Those of you who have been hanging out here for awhile have probably already met my dear friend Bruce Dolin. Not only is Bruce a husband, father of two sons (at least one of whom “is able to use an electric hand-dryer”*), clinical psychologist, former director and screenwriter, blogger, and the author of my all-time favorite blog post (which I managed to trick him into publishing here…cue evil laughter), but he is also the author of the new book, Privilege of Parenting: On Becoming Our Best Selves Through Raising Children.
Those of you who have been hanging out here for awhile probably also know that I am generally not a big fan of parenting books. Indeed, the only thing I know for sure about parenting is that there is no one way to do any of this. And that’s why I love Bruce’s book so much: he doesn’t promise a child-care equivalent of a Get Rich Quick scheme. Instead he admits upfront, “The art of parenting is not so much knowing what to do, as it is consistently doing it,” and goes on to explain that his book “is not so much a ‘how-to’ book as it is ‘why-to.’ The more deeply we understand each other, ourselves and our children, the more we are able to be our best Self in parenting and all our endeavors.”
So how does Bruce go about helping us understand ourselves, each other, and our kids? By tapping into his nearly two decades of experience as a clinical psychologist in the “system” and in private practice (not to mention as a partner and as a dad) to tell stories that skillfully illustrate his ideas.

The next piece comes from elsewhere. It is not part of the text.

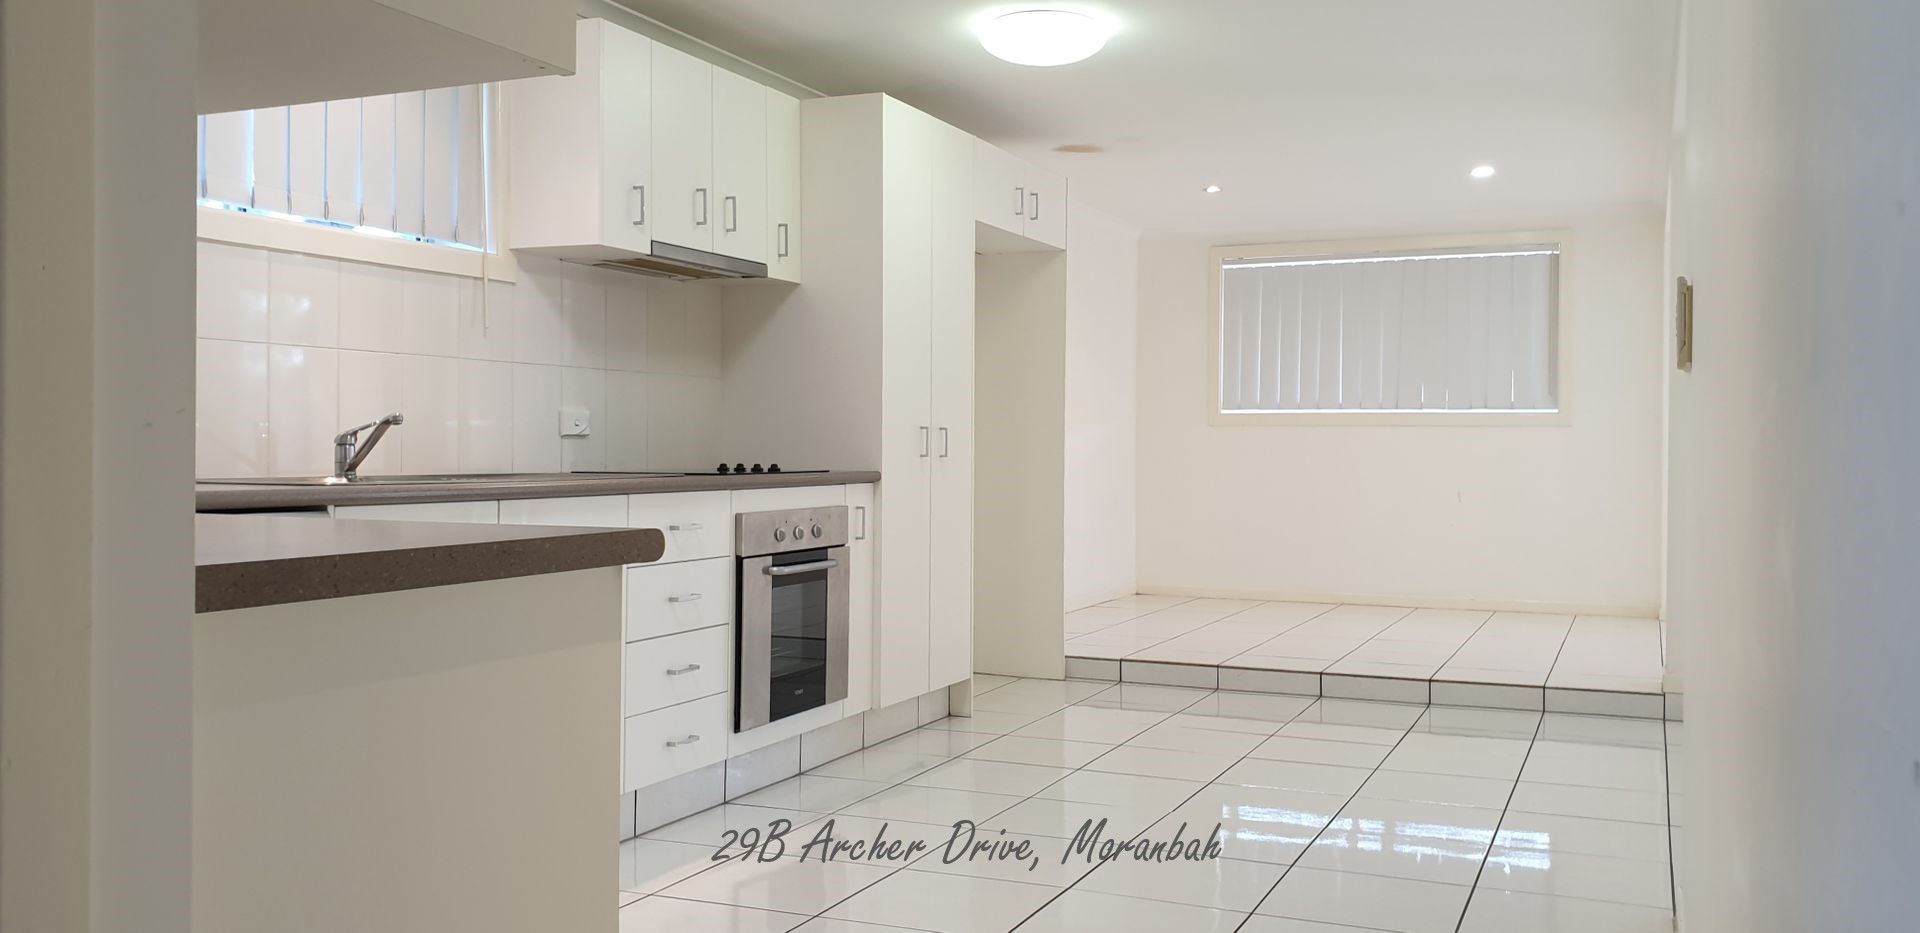 2 bedrooms Apartment / Unit / Flat in B/29 Archer Drive MORANBAH QLD, 4744
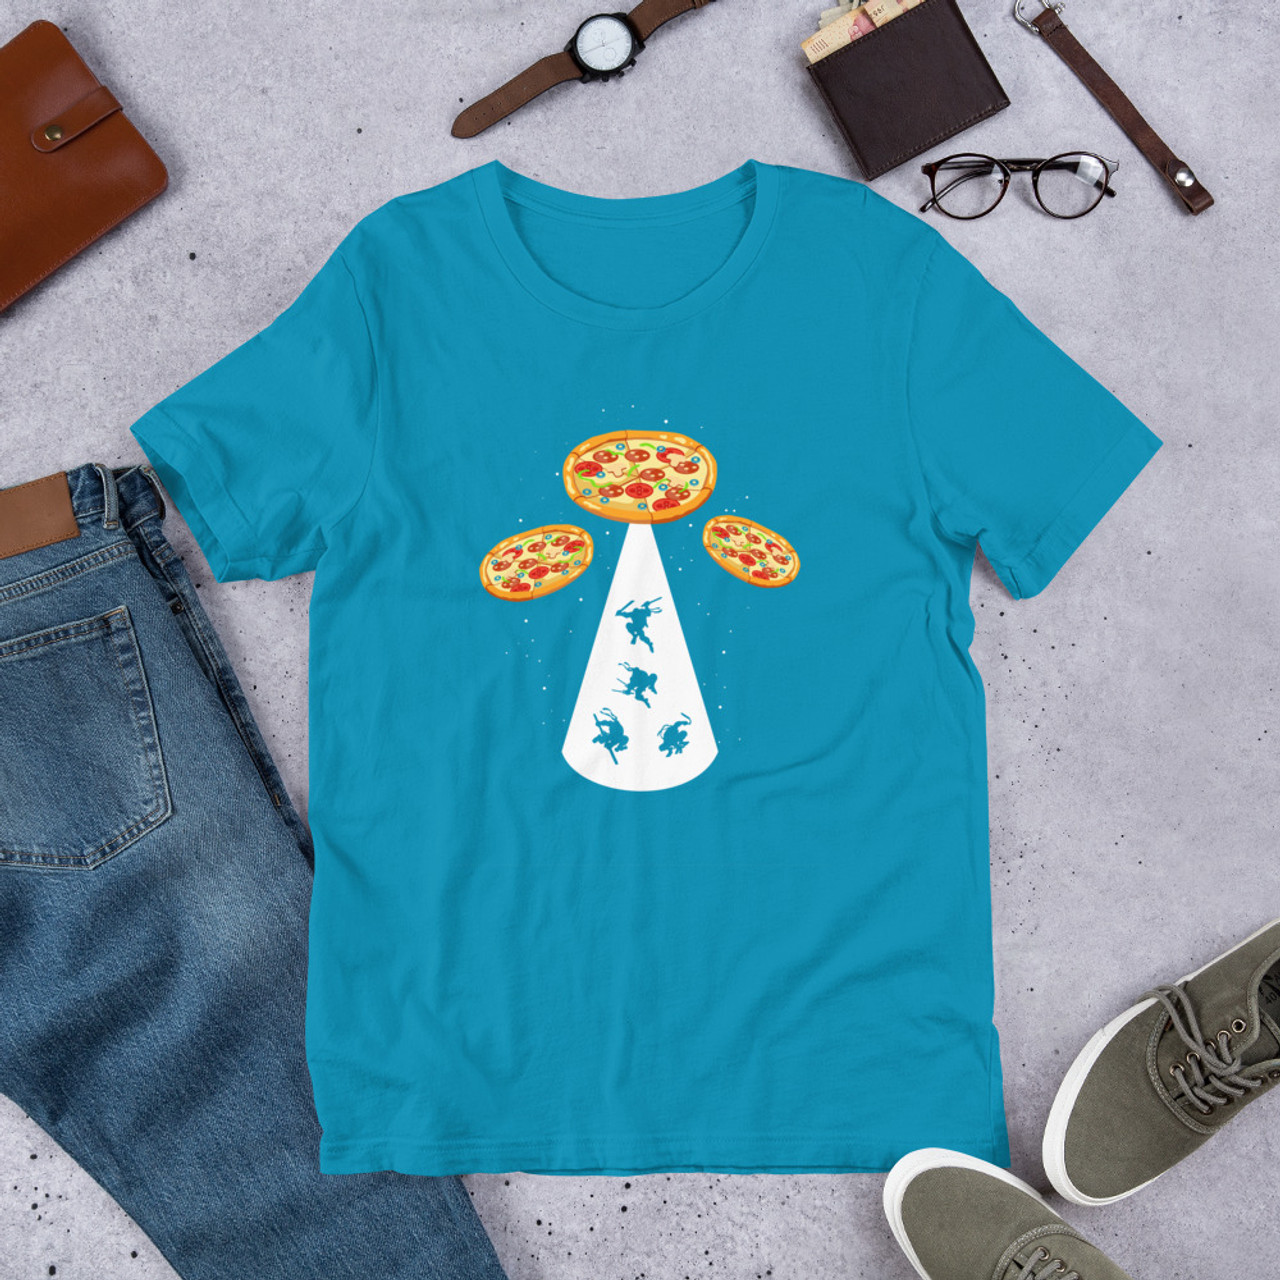 Aqua T-Shirt - Bella + Canvas 3001 Pizza UFO

We meet Lenny, a foul-mouthed group home kid of questionable hygiene, to learn about the importance of trying to understand rather than change. And Allison, a sweet 11-year old left out of the “cool” girl’s sleepover party, to illuminate the connection between self-esteem and kindness. And Joseph, a sweet, developmentally disabled boy on the cusp of adulthood, to reflect on “our essential task as human beings: loving presence to the moment and all it contains.” Bruce also mines his exhaustive knowledge of film and literature to give us other lessons from sources as wide-ranging as Atticus Finch, Mary Poppins, and Mr. Henshaw (to whom I wrote a letter in grade school and received in reply a postcard from Beverly Cleary…but that’s a story for another time).
Among the many images and lessons from Bruce’s book that I will carry with me as I continue to grow up alongside my kids is that of the bowl. Bruce explains,
As parents we invariably need to be present to our children, as a psychological bowl, to help hold whatever they cannot – such as intense sadness. One way to think about depression is as sadness without a bowl to contain it, so that even a small amount of sorrow can become overwhelming…
Paying sincere attention to our child and their feelings offers a way out; being understood helps a child form a self and this empowers them to contain their own sadness rather than feel engulfed by it, which is like drowning in fear and isolation…Dealing with sadness in those we love, especially children, can be emotionally very hard but is also very rewarding when we see their spirits lift again, and when we see them grow strong and solid through years of being understood and loved.
Although I am fortunate not to have dealt with sadness intense enough to be considered depression in any of my kids, I find the idea of the bowl to be a powerful one. And it’s one that I turn to frequently when one of the boys is having a tantrum. While holding them and trying to comfort them, I’ve even gone so far as to imagine myself as a bowl trying to contain all of their anger, sadness, and frustration – whether it be due to low blood sugar or a smashed Lego tower. As I try to contain and understand, I do my best to employ what Bruce calls “our penultimate parenting tool – the ability to hold, to bear compassionate witness, and to simply be with our children.”
I bought Bruce’s book on the day it was published last December. I then read it through cover to cover. Since then, I have dipped back in before bed each night to read a page or two to find inspiration and camaraderie as I try to parent mindfully. From his graceful writing and powerful examples to his gentle sense of humor and helpful exercises to consider, Bruce offers us parents a powerful tool to create for ourselves and our kids “good feelings that last.”
*Impressive, huh? See Chapter 6 to learn how Bruce managed this feat and to hear more of his other thoughts on calming anxious kids.